Defendants who fall below the mandatory minimum "cliff" can benefit from adjustments built into the sentencing guidelines for mitigating roles in the offense (anywhere from two to four levels) and for accepting responsibility (one to three levels). They also may receive a departure from the guideline sentence in rare situations. Defendants who trigger and may not otherwise avoid the mandatory minimum penalty, however, may not have their sentences reduced. That such extremes should turn on minute quantities of drugs is simply wrong.
The Discretion Shell Game
In a 2002 article for this magazine, Judge Nancy Gertner wrote about the "hydraulic" effect of limits on judicial discretion: when judges cannot exercise discretion, prosecutors' power to do so increases. Federal Sentencing Guidelines: A View from the Bench, HUMAN RIGHTS (Winter 2002). Mandatory minimums limit judicial ability to sentence below the floor and magnify the impact of the government's charging decisions. If the government chooses to charge under a mandatory minimum statute, the conviction operates like strict liability. But the mandatory minimum can be mitigated by the prosecutor's decision not to charge. For those cases that never go to trial-and in the federal system more than 96 percent of defendants plead guilty-a prosecutor's election to ignore the statute carrying the mandatory minimum for a lesser charge rules. The front-end disparity belongs to the government, and its discretion is unreviewable. The traditional power of prosecutors to charge thus is transformed into power to sentence.
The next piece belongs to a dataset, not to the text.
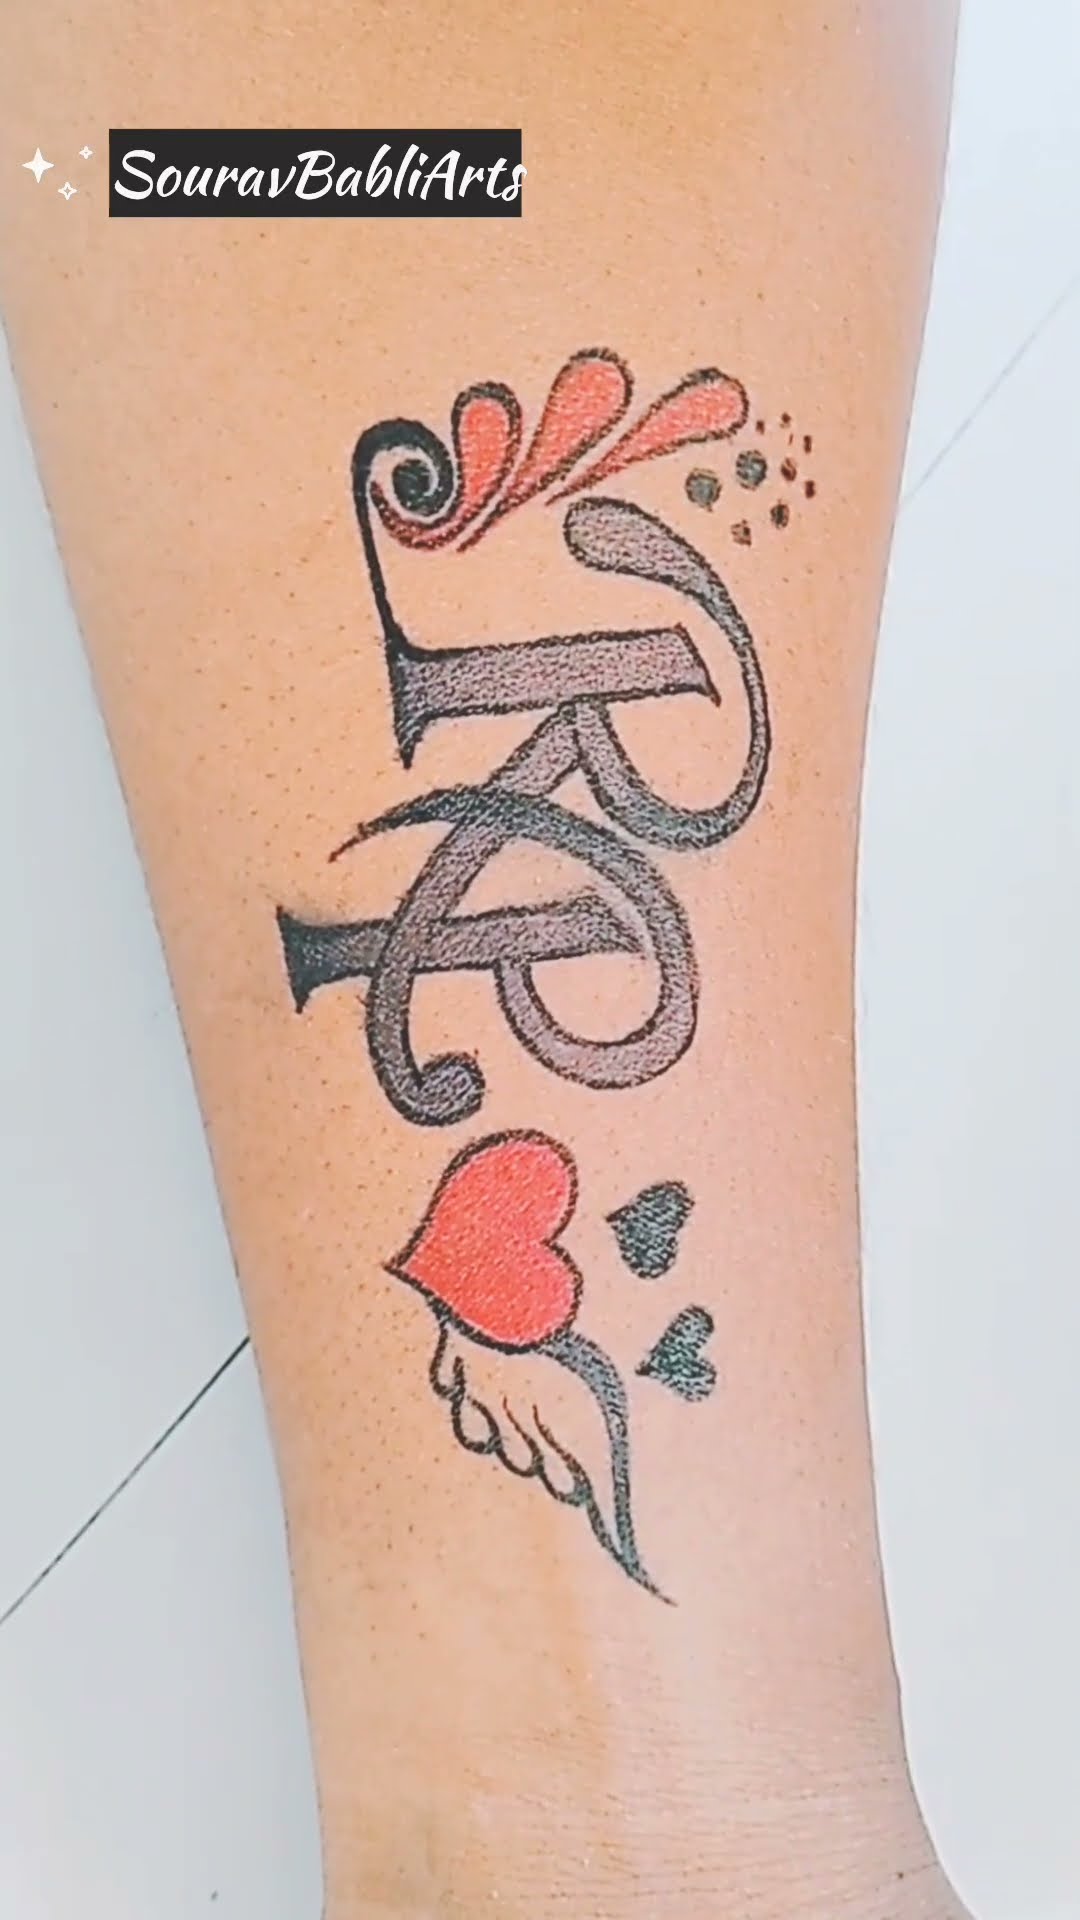 Tattoo uploaded by Eo R P Tatuador • Tattoodo

In untrained hands, it promises tremendous injustice.
Attorney General John Ashcroft recently ordered prosecutors to charge the most readily provable offense, including any statutory enhancements. "The most serious . . . offenses are those that generate the most substantial sentence under the sentencing guidelines, unless a mandatory minimum sentence or count requiring a consecutive sentence would generate a longer sentence." While some predict that the order will generate more trials and longer sentences, others, including some prosecutors themselves, were swift to indicate that little would change. This is because prosecutors are not required to charge the most serious, readily provable offense "if the prosecutor has a good faith doubt, for legal or evidentiary reasons, as to the Government's ability readily to prove a charge at trial."
The Great Escape: Substantial Assistance to the Government
The government almost unilaterally controls the first of only two ways a defendant can escape a mandatory minimum sentence: the substantial assistance departure. In 2001 approximately 26 percent of all defendants sentenced for drug trafficking offenses received substantial assistance departures for the defendant's cooperation in other prosecutions. Nearly one half of all departures from guideline sentences are granted for cooperation. All departure decisions-other than a defendant's decision to inform and the judge's determination of how much to depart-are made by the prosecutor. The government chooses whether to accept and use the information, whether the information was useful, and whether to tell the court that the information was of such substantial assistance that the defendant deserves a break.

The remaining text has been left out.